Google’s Vantage Experiment: Using GenAI to Grade Soft Skills Like Critical Thinking

Google Research just dropped something interesting — a research experiment called Vantage that uses generative AI to assess what they call “future-ready” skills: critical thinking, collaboration, creative thinking, that whole durable competencies bucket that won’t be automated away.

They partnered with NYU on this, and the results are surprisingly solid. The AI scoring was on par with human experts in their study. Vantage is now available on Google Labs for sign-up, at least in English.

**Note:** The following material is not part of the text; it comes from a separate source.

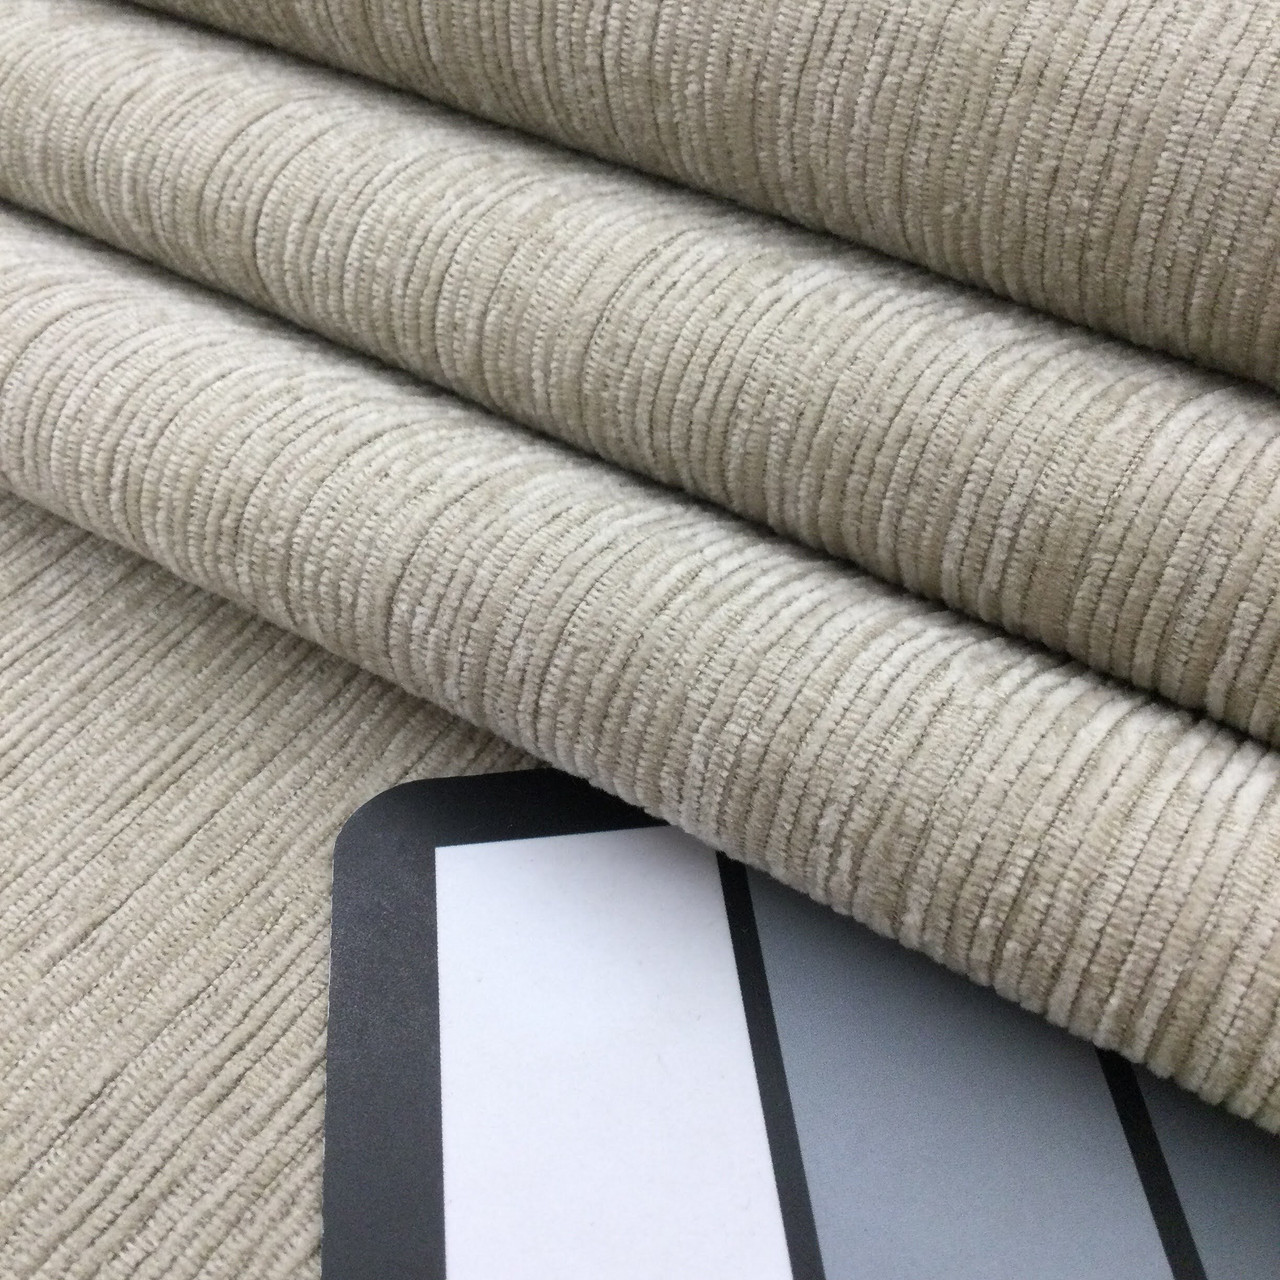 Dark Beige Brushed Chenille, Upholstery Fabric, 59 Wide

The hard problem of measuring soft skills

Here’s the thing about future-ready skills: everyone agrees they matter, but nobody has figured out how to test them at scale. Multiple choice won’t cut it when you’re trying to assess whether someone can build on others’ ideas or handle conflict in a group setting.

Standardized tests are too rigid. Real human interaction is the gold standard, but good luck standardizing that across hundreds of students. How do you fairly grade someone’s conflict resolution skills if their group never disagrees? Or their creative collaboration if everyone just nods at the first idea?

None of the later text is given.